Information shown
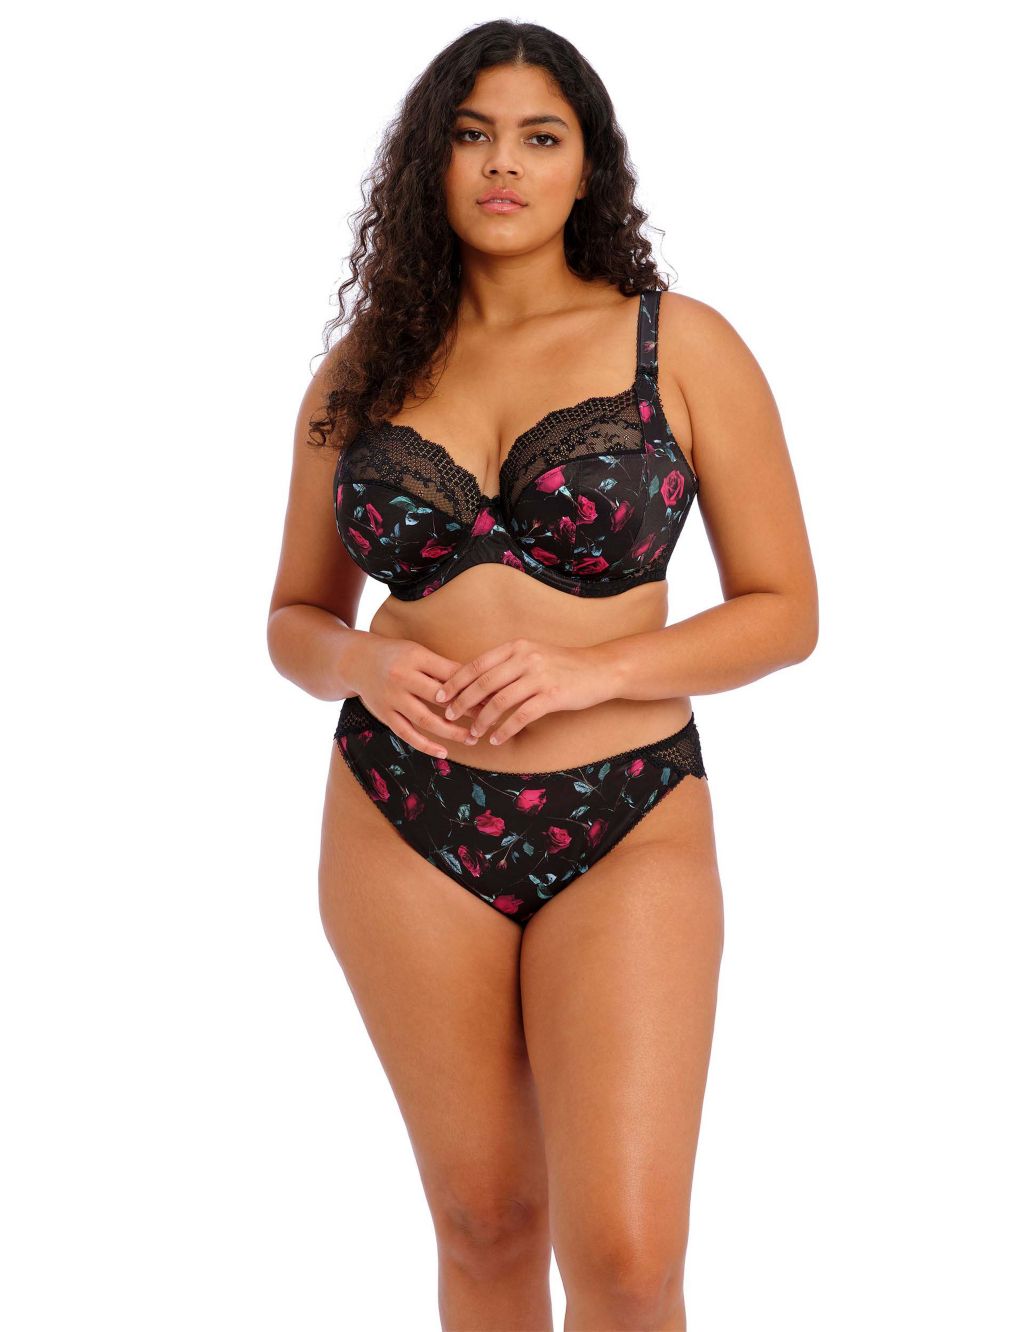 Lucie Floral Print Lace Wired Plunge Bra image 5
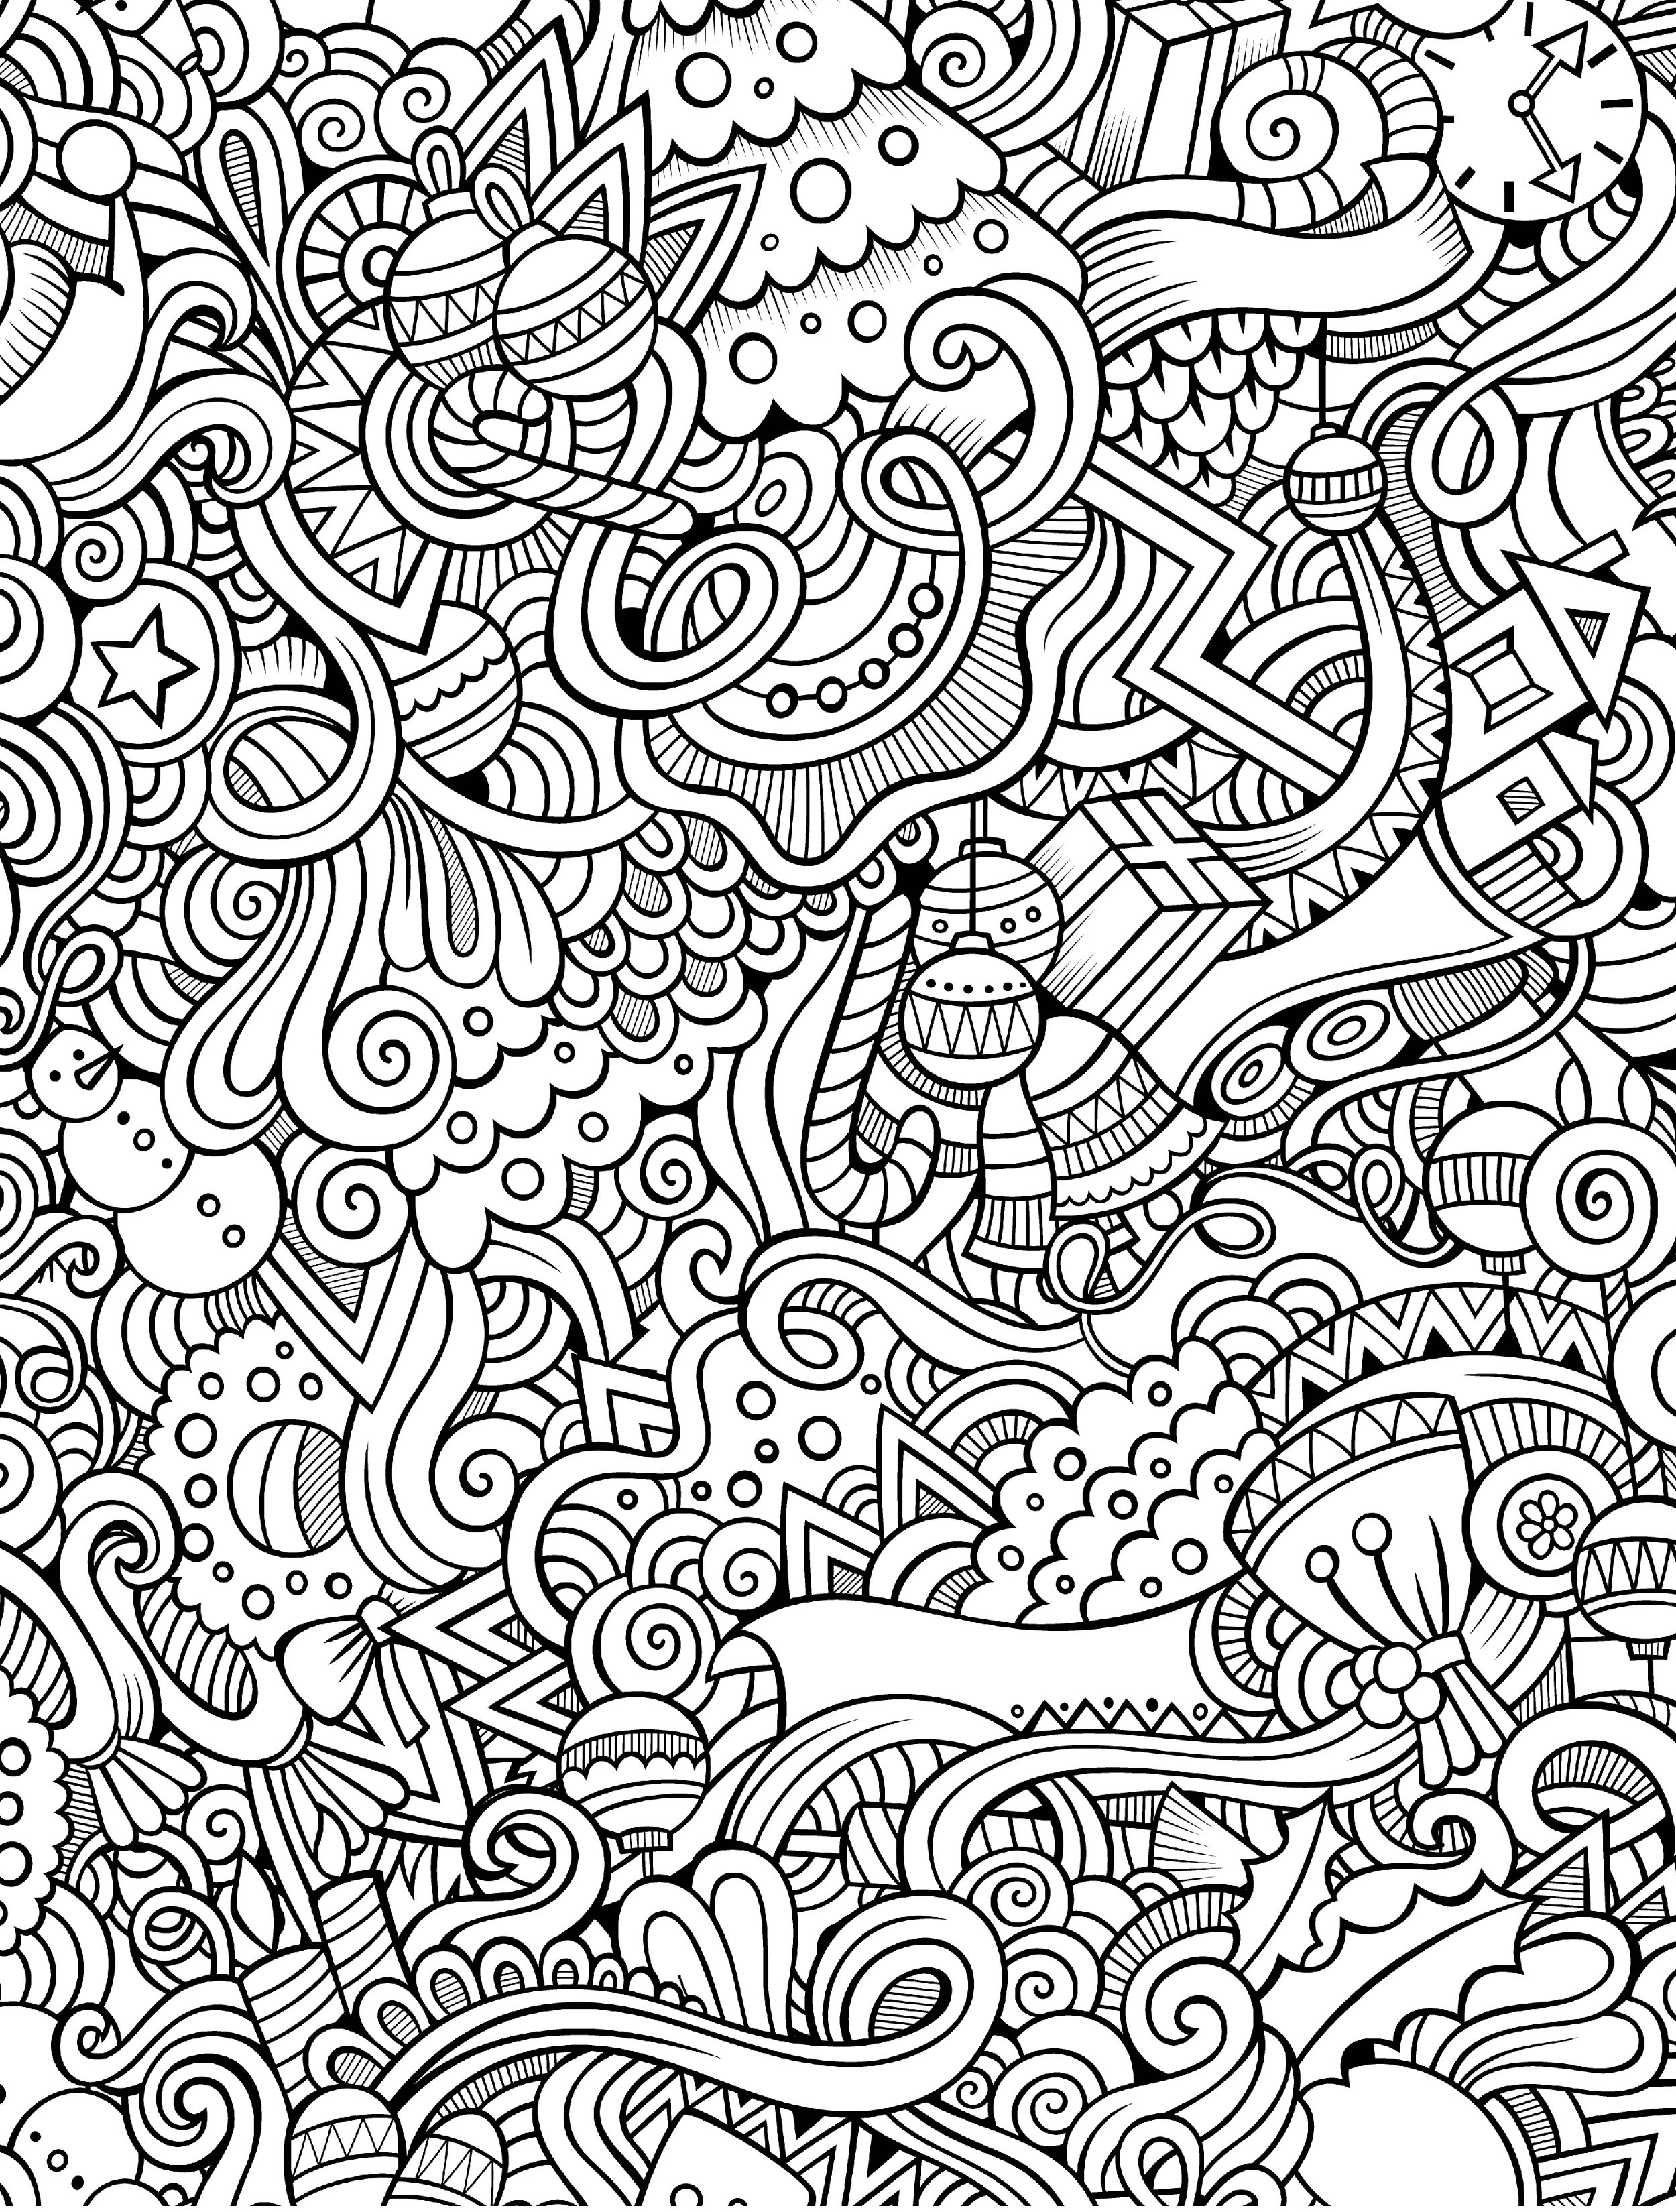 Free Printable Coloring Pages For Adults
 10 Free Printable Holiday Adult Coloring Pages

Work instruction
Transcribe all the data word for word; the images stay out.

Solution
 Lucie Floral Print Lace Wired Plunge Bra image 5
 Free Printable Coloring Pages For Adults
 10 Free Printable Holiday Adult Coloring Pages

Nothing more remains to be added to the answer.